Dennis R. DiRicco, 2 for the petitioners in docket Nos. 15015-86 and 21085-86.
*169 Robert R. Rubin, Dawn H. Cole, and Kimberly Mitchell-Bott, for the petitioner in docket No. 18367-86.
Aaron M. Greenberg, for petitioner Florence Lewis in docket No. 18488-86.
Robert W. Towler, for the respondent.

PARR

*262 MEMORANDUM FINDINGS OF FACT AND OPINION

PARR, Judge: Respondent determined that petitioners in these consolidated cases were liable for income tax deficiencies, additions to tax, and additional interest, as set forth in the Appendix.
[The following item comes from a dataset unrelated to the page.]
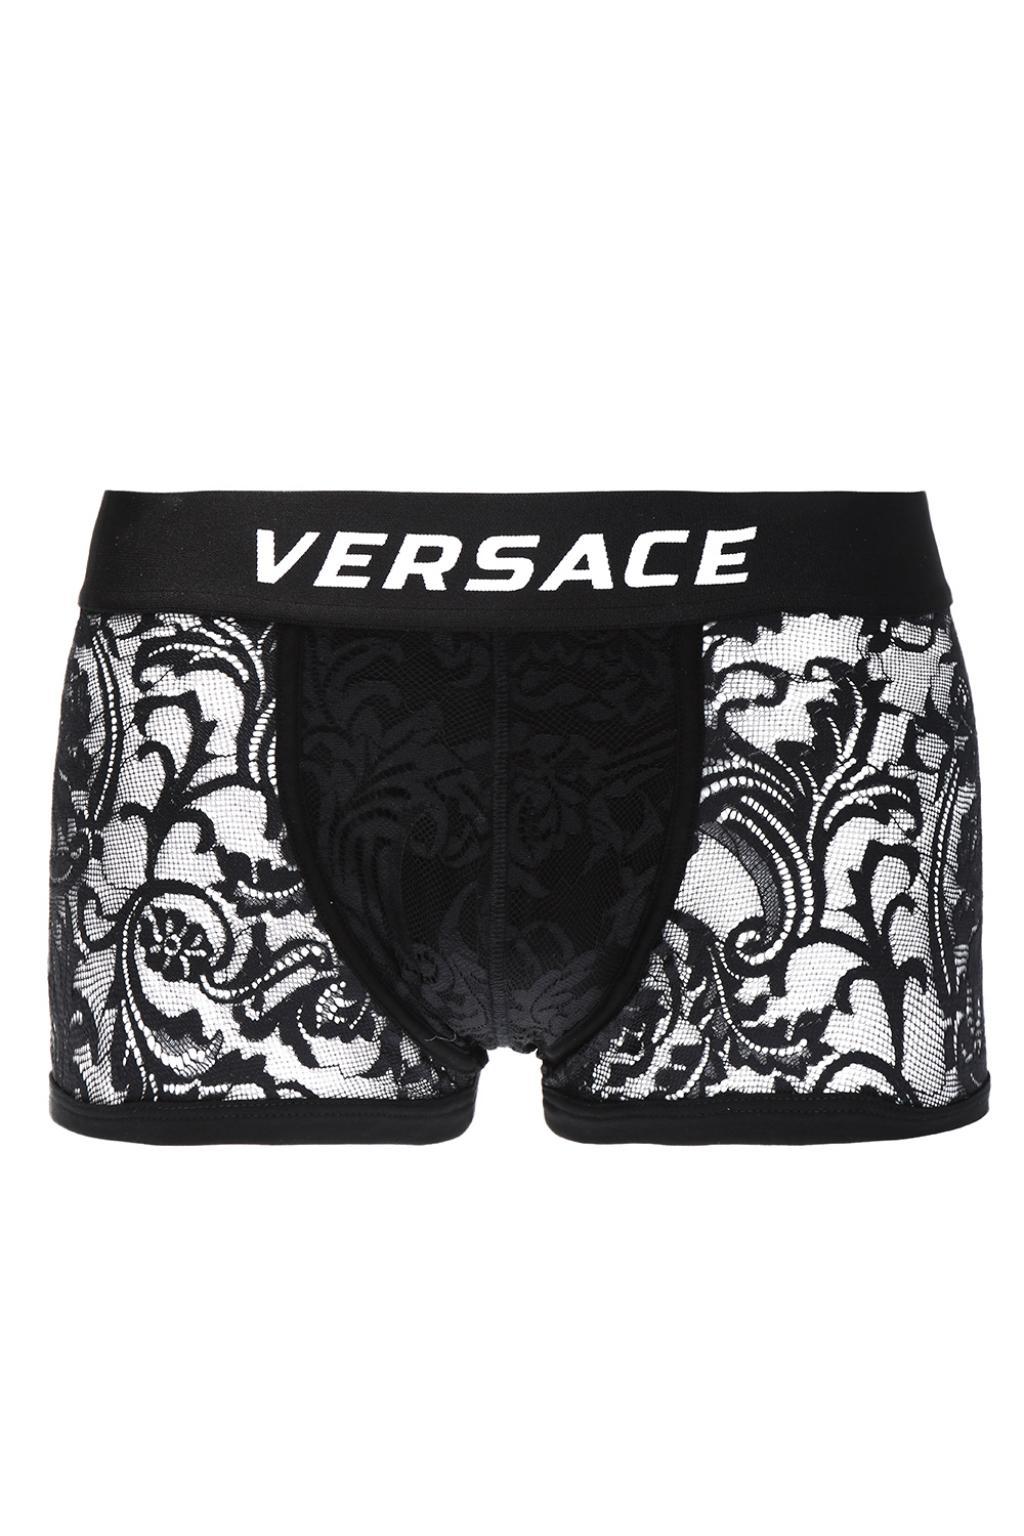 versace lace boxer briefs

Respondent has conceded that there are no additions to tax or additional interest due from petitioners. Certain other concessions in the cases of Charles F. and Yvette M. Alexander (docket No. 15015-86) and Abe S. and Sara Rae Miller (docket No. 20875-86) are set forth in their respective stipulations of fact and in the parties' briefs. Respondent also concedes that petitioner Kathryn Molakides (docket No. 18367-86) is an "innocent spouse" and should be relieved from liability for any deficiency stemming from this case.

The cases before us present issues related to five research and development limited partnerships: Blueprint Software (BS), Blueprint Software Professional (BSP), *170 Quoin Software (Quoin), Matrix Business Computers (Matrix), and Computech Research Investors, Ltd. (CRI). The year in issue for BS, BSP, Quoin, and Matrix is 1982, and the year in issue for CRI is 1980. All petitioners were limited partners in one or more of the partnerships, as set forth in the Appendix.

The issues in dispute are as set forth below.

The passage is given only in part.